» **DESCRIPTION OF THE TASK**: Copy out the data word for word, without any of its pictures.

» **STORED DATA**:
*** Begin section ***

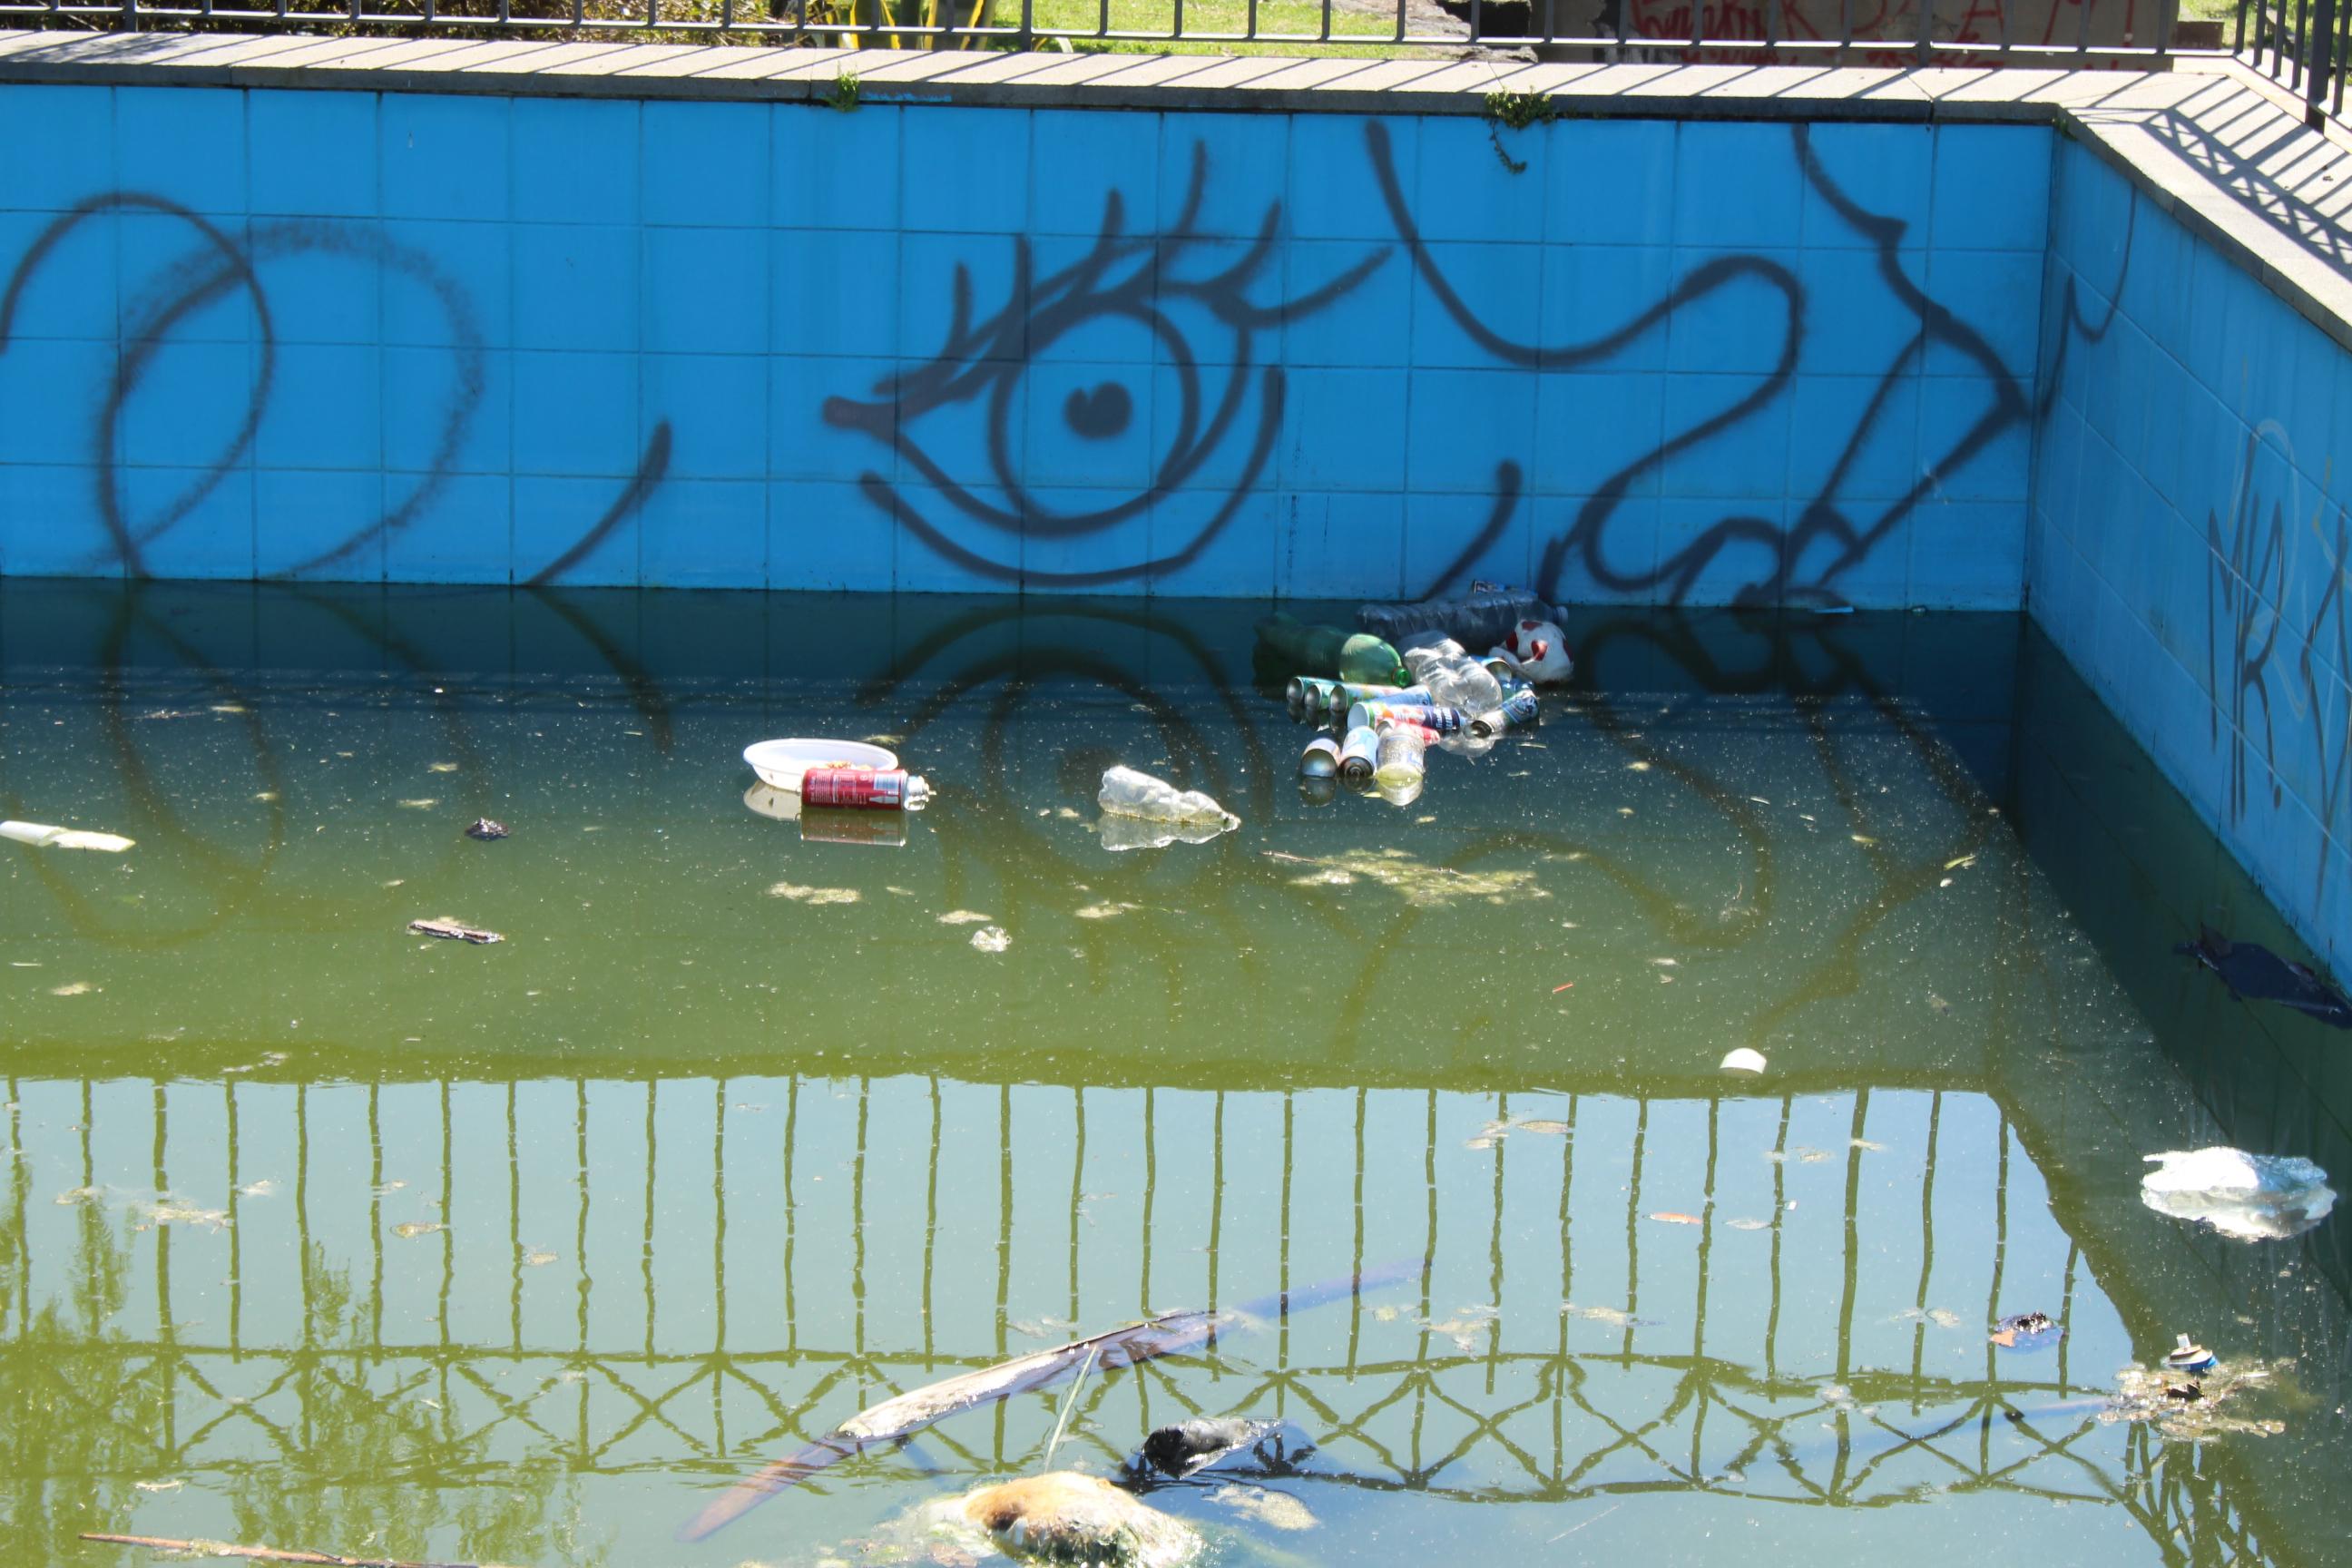 villa comunale - carcasse animali - mascalucia - UltimaTv (1)
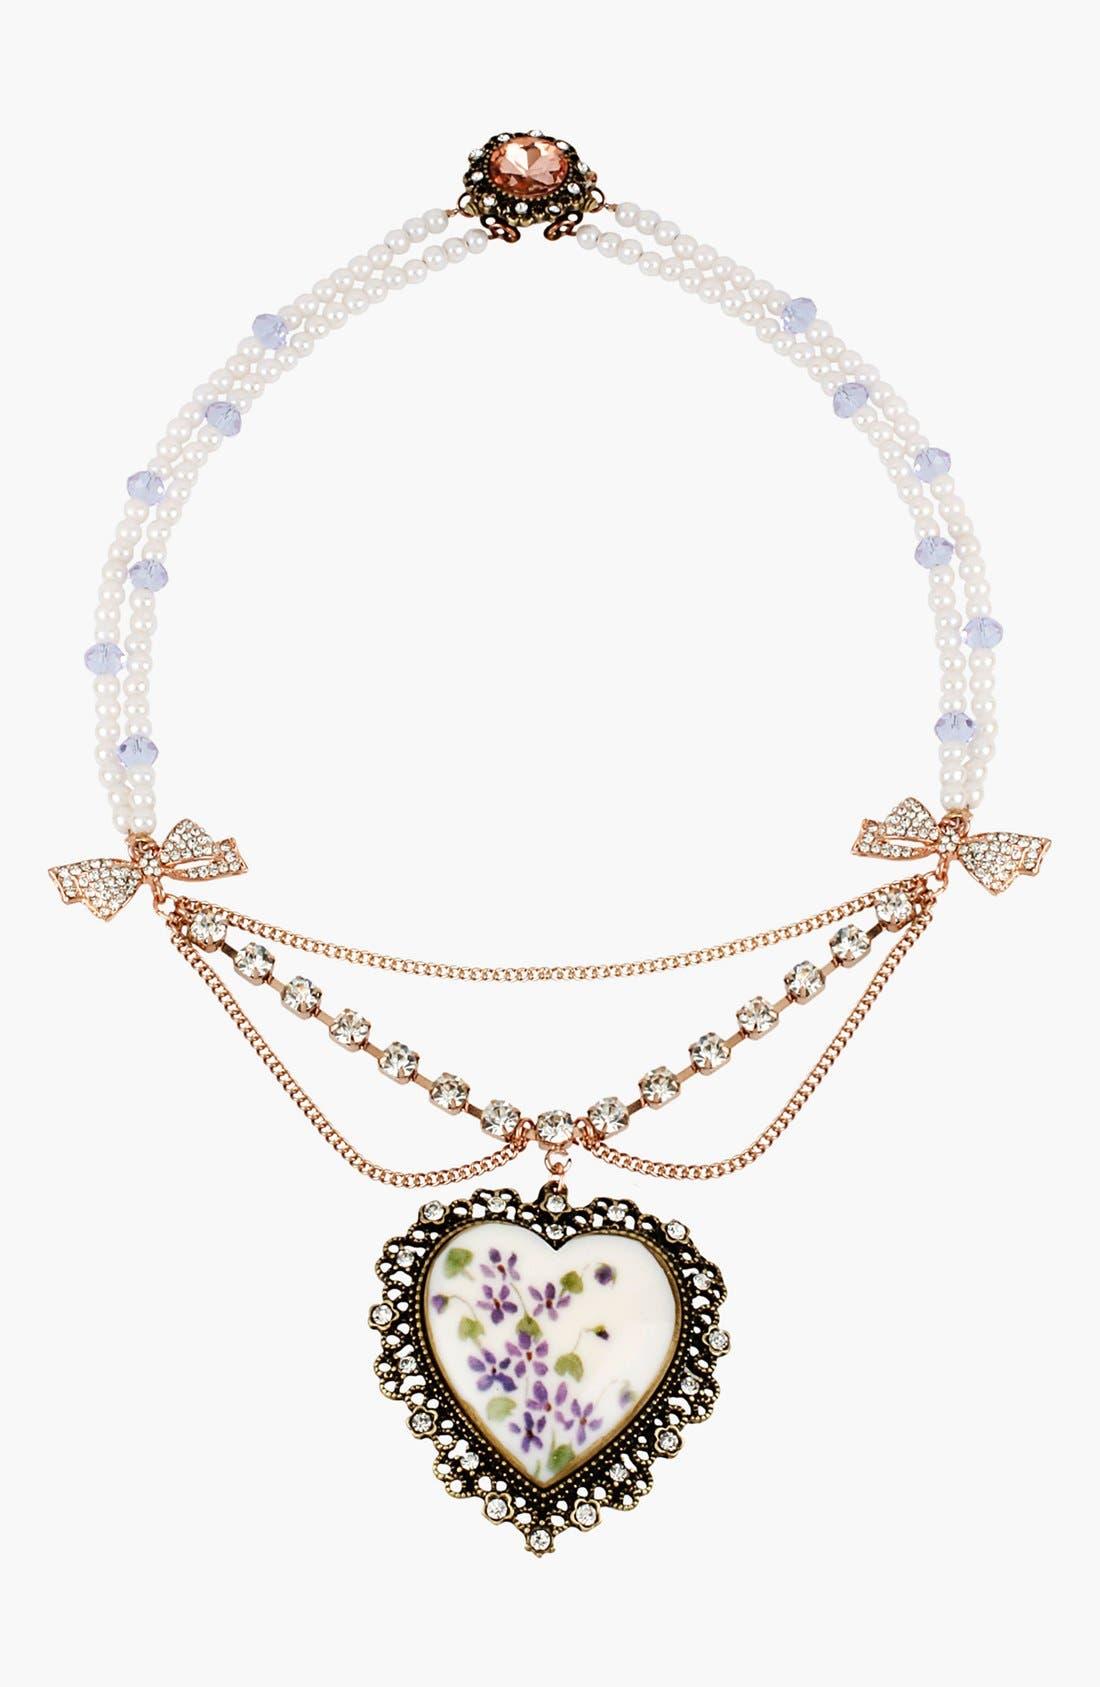 Main Image - Betsey Johnson 'Vintage Bow' Heart Pendant Necklace
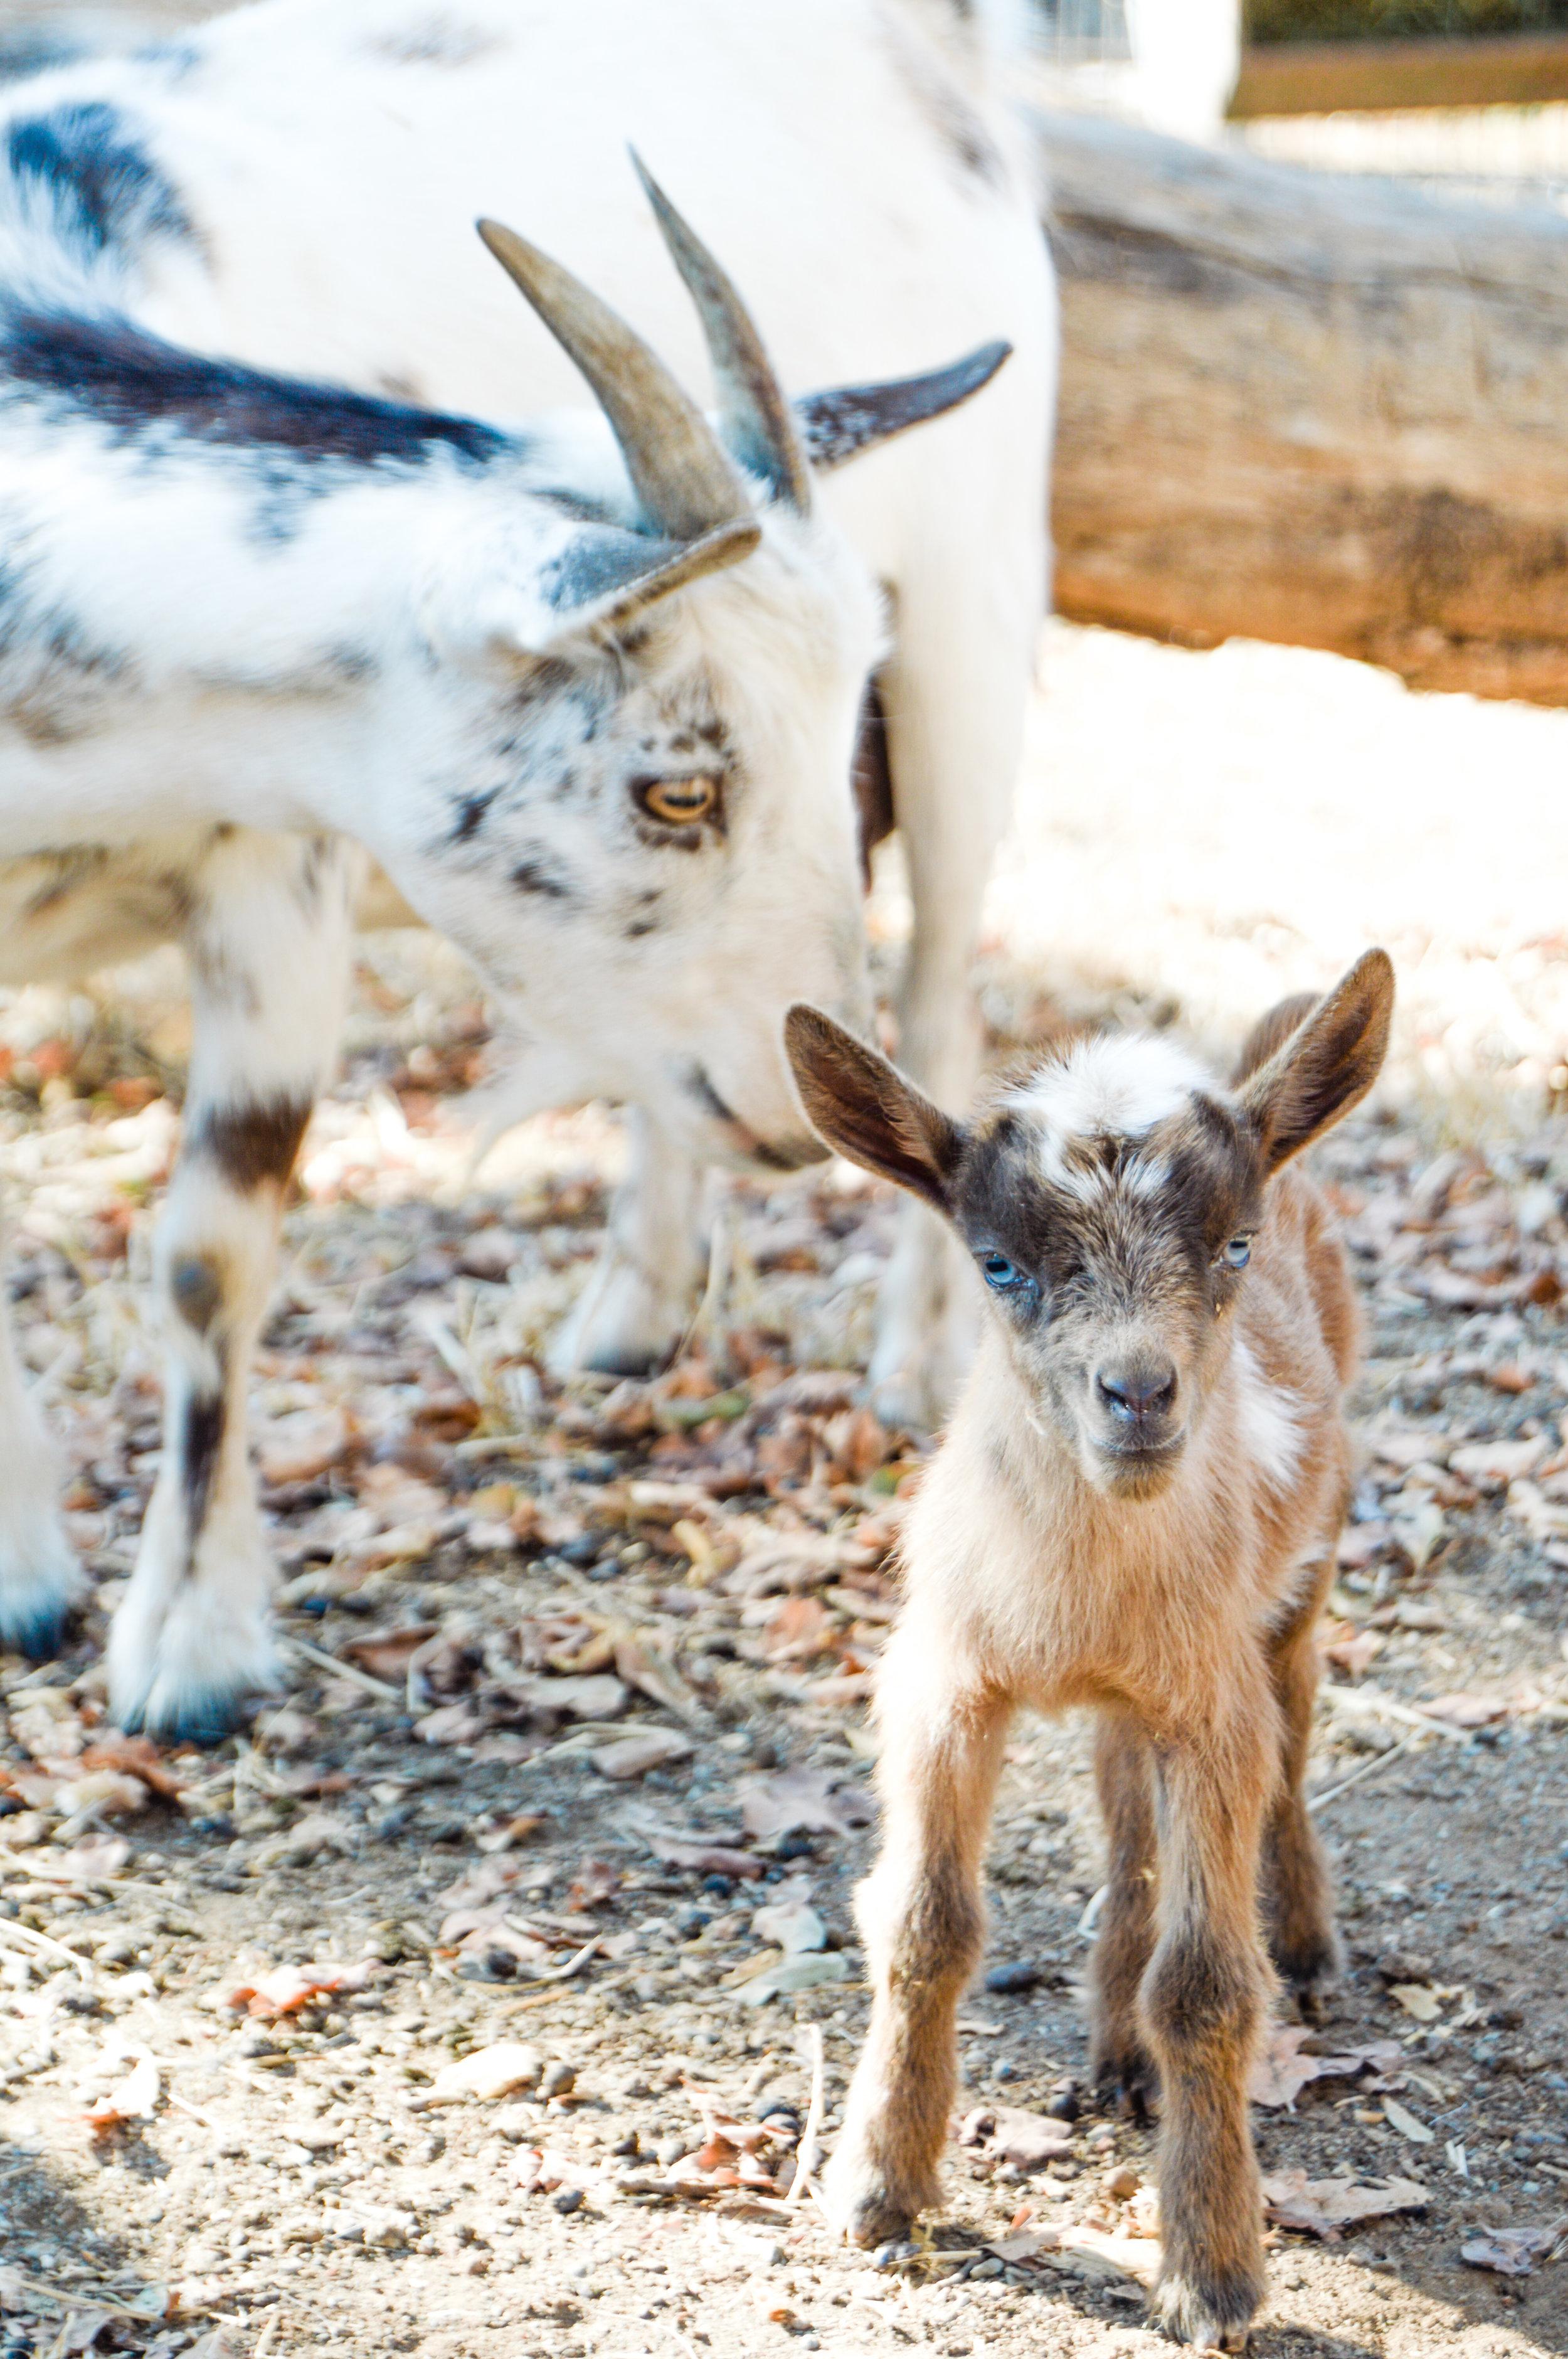 Baby goats #babygoat, #goats, #nigeriandwarfgoats , #babygoats, #goatbaby, #homesteading, #homesteadsurvival , #goatpregnancy, #farmlife, #howtodeliver, #goatlabor, #goatlabor, #kidding, #kids, #homesteadinglife

*** End section ***

» **FINISHED EXERCISE**:
 villa comunale - carcasse animali - mascalucia - UltimaTv (1)
 Main Image - Betsey Johnson 'Vintage Bow' Heart Pendant Necklace
 Baby goats #babygoat, #goats, #nigeriandwarfgoats , #babygoats, #goatbaby, #homesteading, #homesteadsurvival , #goatpregnancy, #farmlife, #howtodeliver, #goatlabor, #goatlabor, #kidding, #kids, #homesteadinglife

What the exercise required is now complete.